Doctoral Dissertations

Date of Award

8-2007

Degree Type

Dissertation

Degree Name

Doctor of Philosophy

Major

English

Major Professor

D. Allen Carroll

Committee Members

Paul Barrette, Heather Hirschfeld, Robert Stillman

Abstract

E. C.’s Emaricdulfe (1595; STC2 4268) is a collection of forty English sonnets introduced by a brief dedicatory epistle addressed “to my very good friends, John Zouch and Edward Fitton, Esquiers.” The book was printed by Joan Orwin for bookseller Matthew Law. Two copies of the original text survive, one in the Huntington Library, the other in the Folger Shakespeare Library. In both subject matter and poetic aspiration, the collection answers to the conventions of the sonnet sequence, a genre that captivated English poets great and small during the last decades of the sixteenth century. The subject of E. C.’s poetic desire is, as it should be, his love for a young woman. The collection offers conventional modes of praise for Emaricdulfe, along with typical laments about the speaker’s failures to win her love. One deviation from the expected is E. C.’s description of a dream vision. This brief sequence replays the conventional imagery of love as hunt scene, but it also presents a rather troubling vision that, it seems, describes the death of Emaricdulfe’s young child, surely unfamiliar subject matter for the genre.

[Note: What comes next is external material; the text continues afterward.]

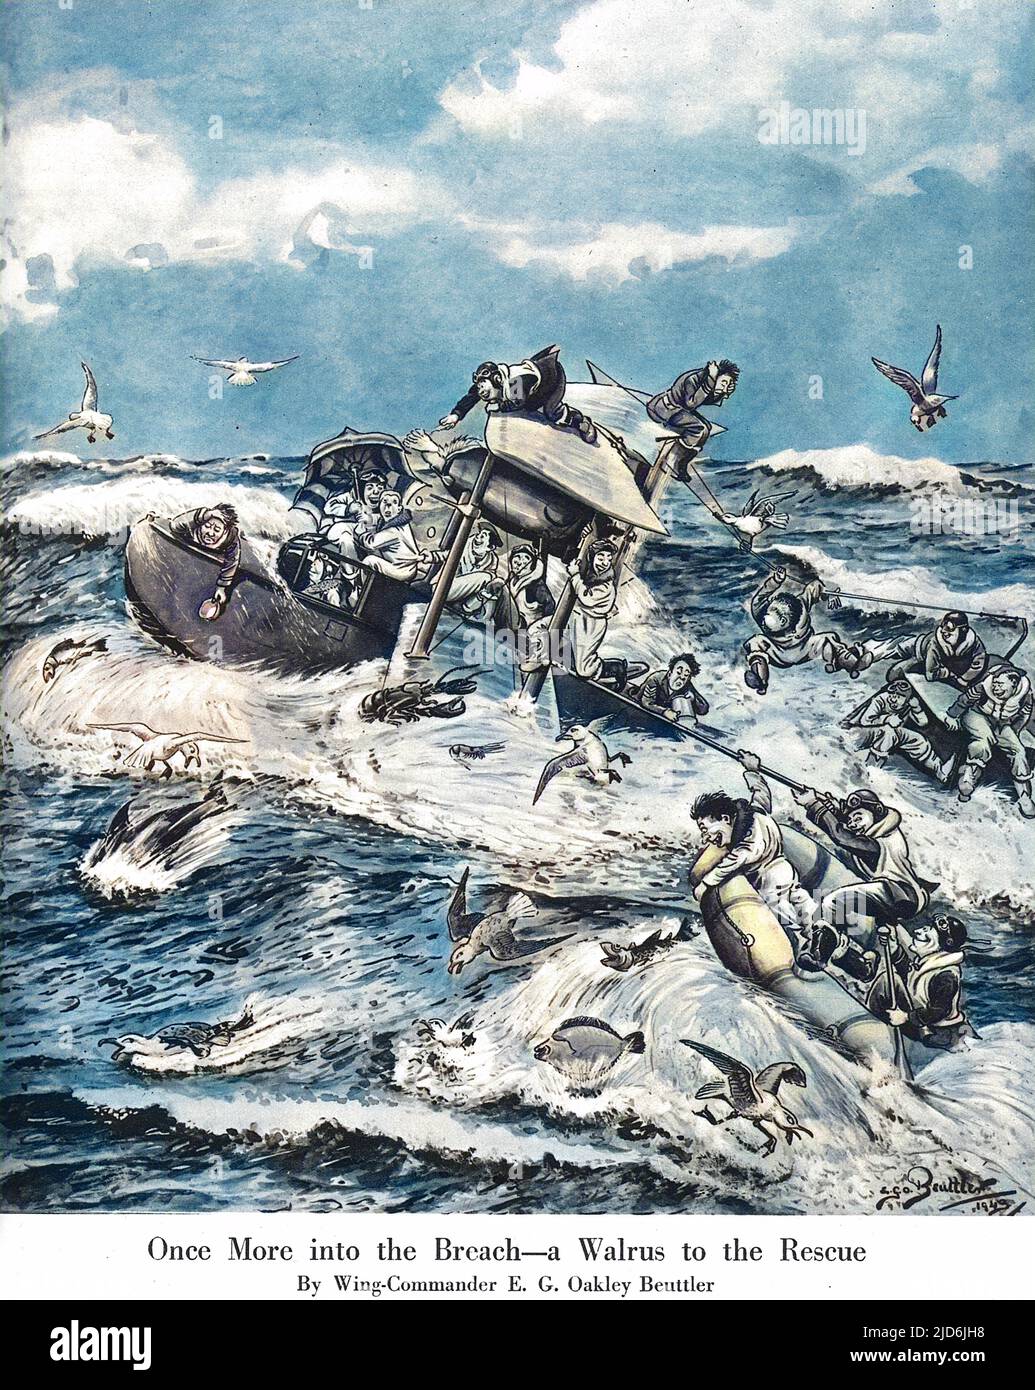 Humorvolle Illustration von Z. B. Oakley-Beuttler, die die Luft-See-Rettung durch einen Shagbat-Amphibienflugzeug (bekannt als Walrus) über der Nordsee während des Zweiten Weltkriegs darstellt. Als das Flugzeug acht Männer in einem Dingy ausfindig machte, stieg es auf das Meer und nahm sie alle an Bord. Zu schwer, um auf rauer See abzuheben, fuhr der Pilot über 60 Meilen zum Hafen. Kolorierte Version von: 11070697 Datum: 1943 Stockfoto

The collection, perhaps deservedly so, has generated little critical response during its history. No complete scholarly edition exists. This dissertation presents some of the basic materials upon which such an edition can be built. Here is a clear, correct, readable text, accompanied by a full commentary that situates the text and explains difficult facets of that text and is preceded by an introduction that considers, to varying degrees, features particular to this text that, in general, should be of assistance for someone reading it for the first time.